• _TASK BRIEF_
All lines from the one containing "Stowarzyszenie Metropolia Poznań" through the end of the material below are to be printed exactly, both ends included, minus pictures.

• _DATA EXCERPT_
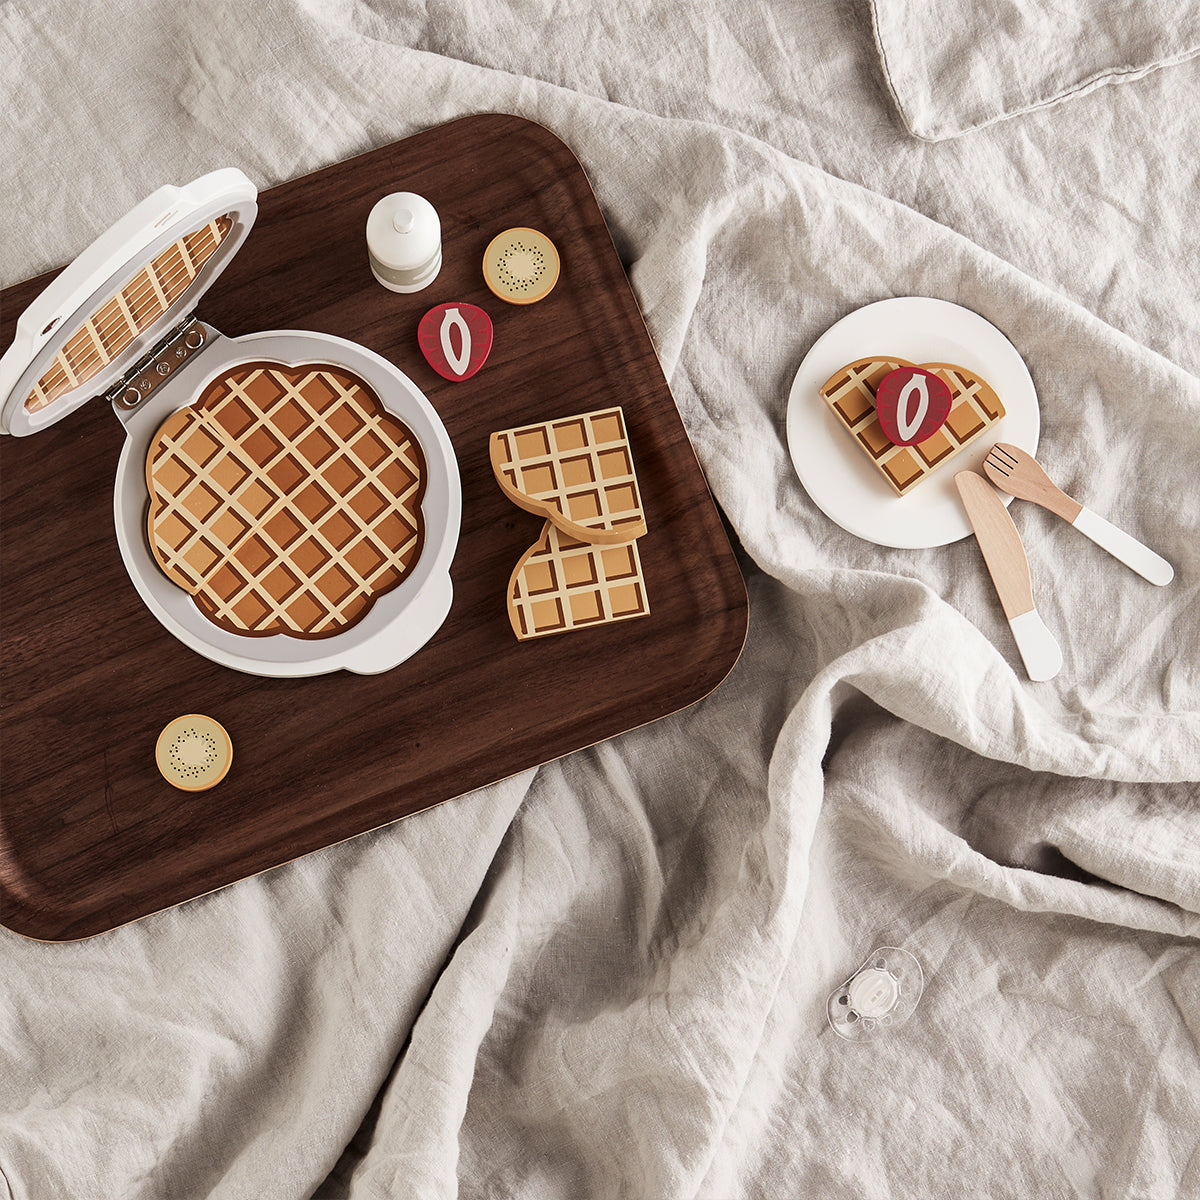 Met het Kid’s Concept wafelijzer kan jouw kindje heerlijke wafels maken! Het houten wafelijzer wordt geleverd met allemaal toppings zodat je de wafels nog lekkerder kunt maken. Vul de keukenspullen voor het speelkeukentje zo mooi aan! VanZus.
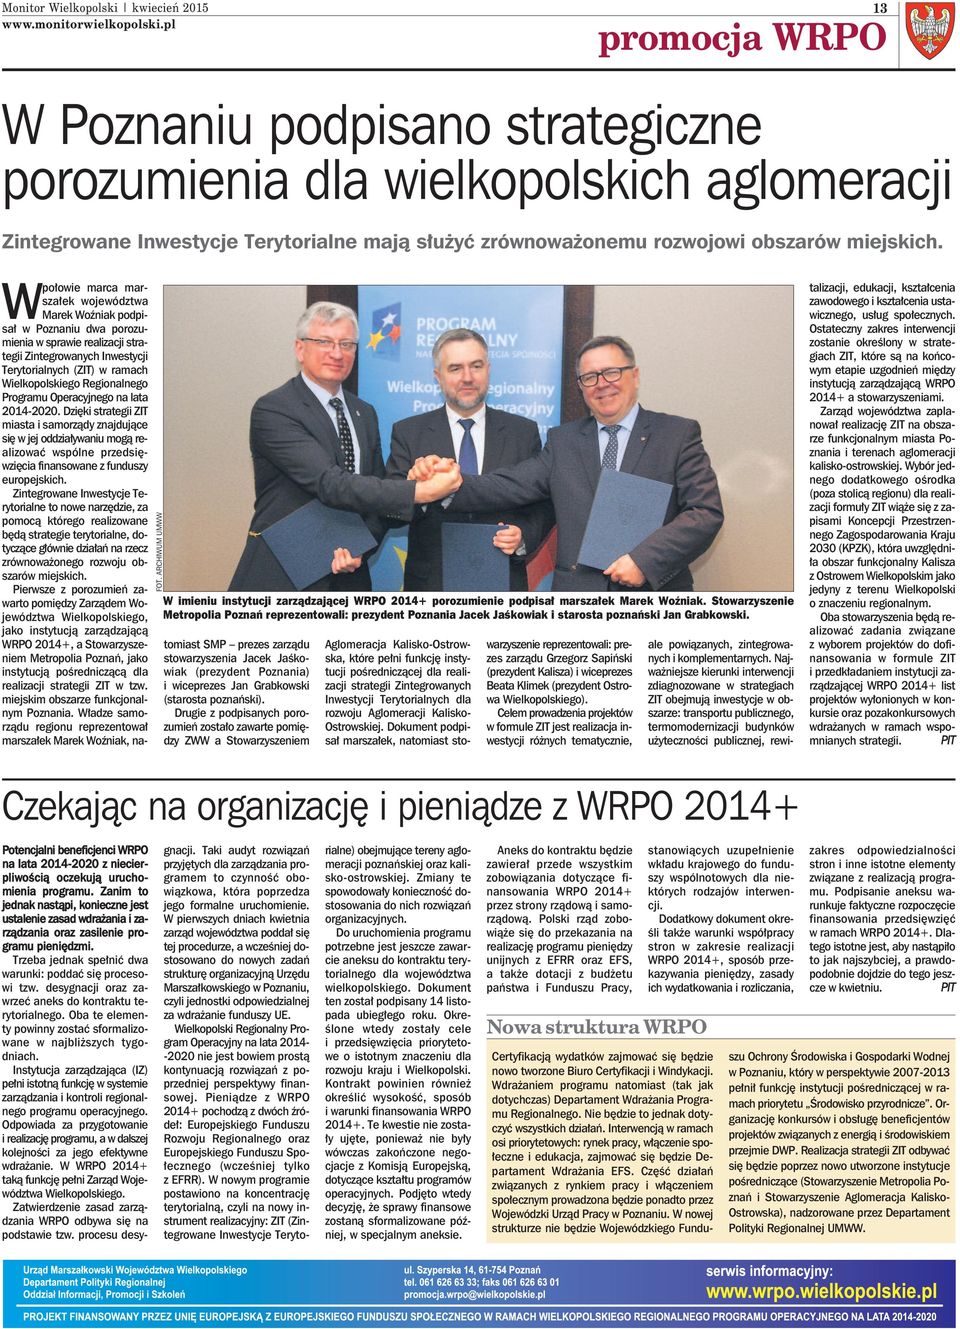 Stowarzyszenie Metropolia Poznań reprezentowali: prezydent Poznania Jacek Jaśkowiak i starosta poznański Jan Grabkowski.
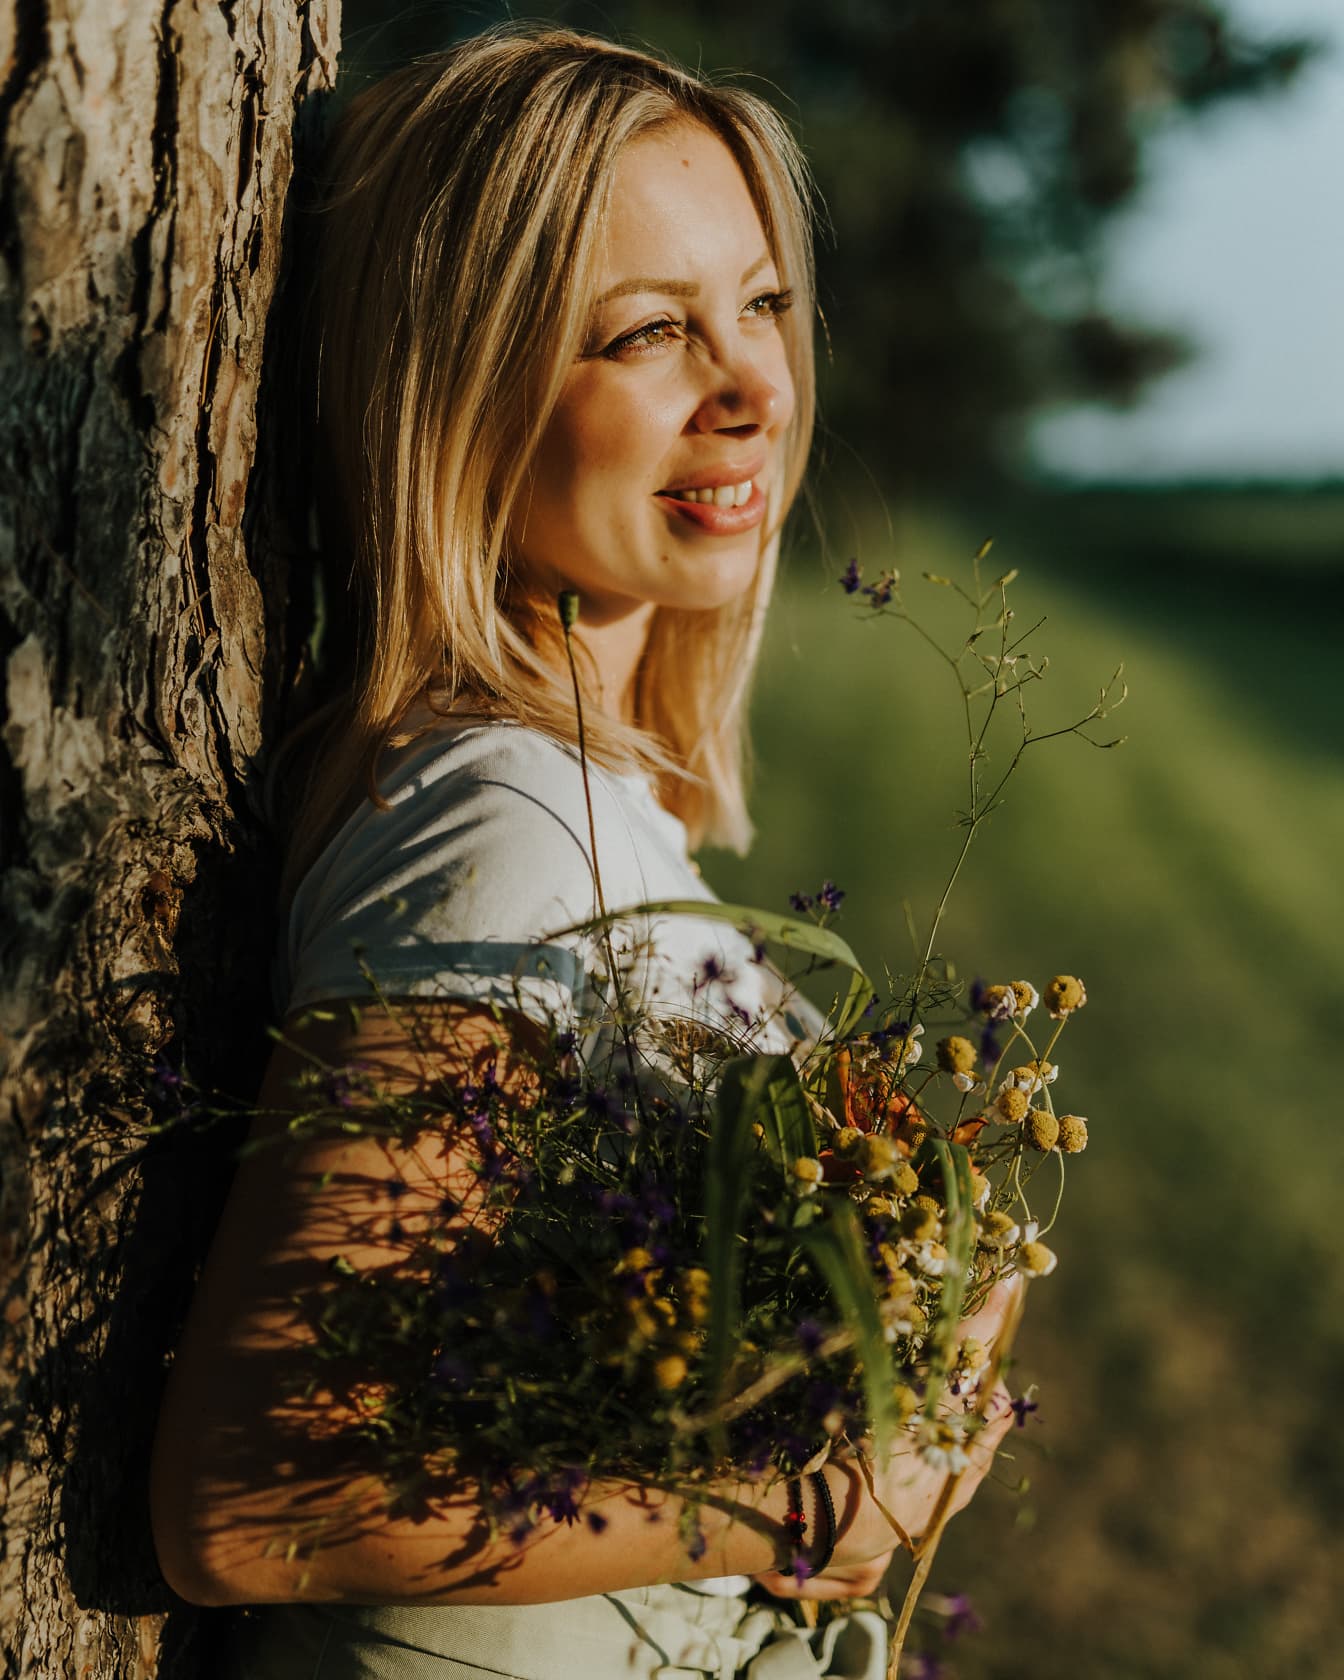 Вид сбоку портрет улыбающейся женщины, прислонившейся к дереву, держащей цветы

• _RESPONSE TO THE TASK_
 Stowarzyszenie Metropolia Poznań reprezentowali: prezydent Poznania Jacek Jaśkowiak i starosta poznański Jan Grabkowski.
 Вид сбоку портрет улыбающейся женщины, прислонившейся к дереву, держащей цветы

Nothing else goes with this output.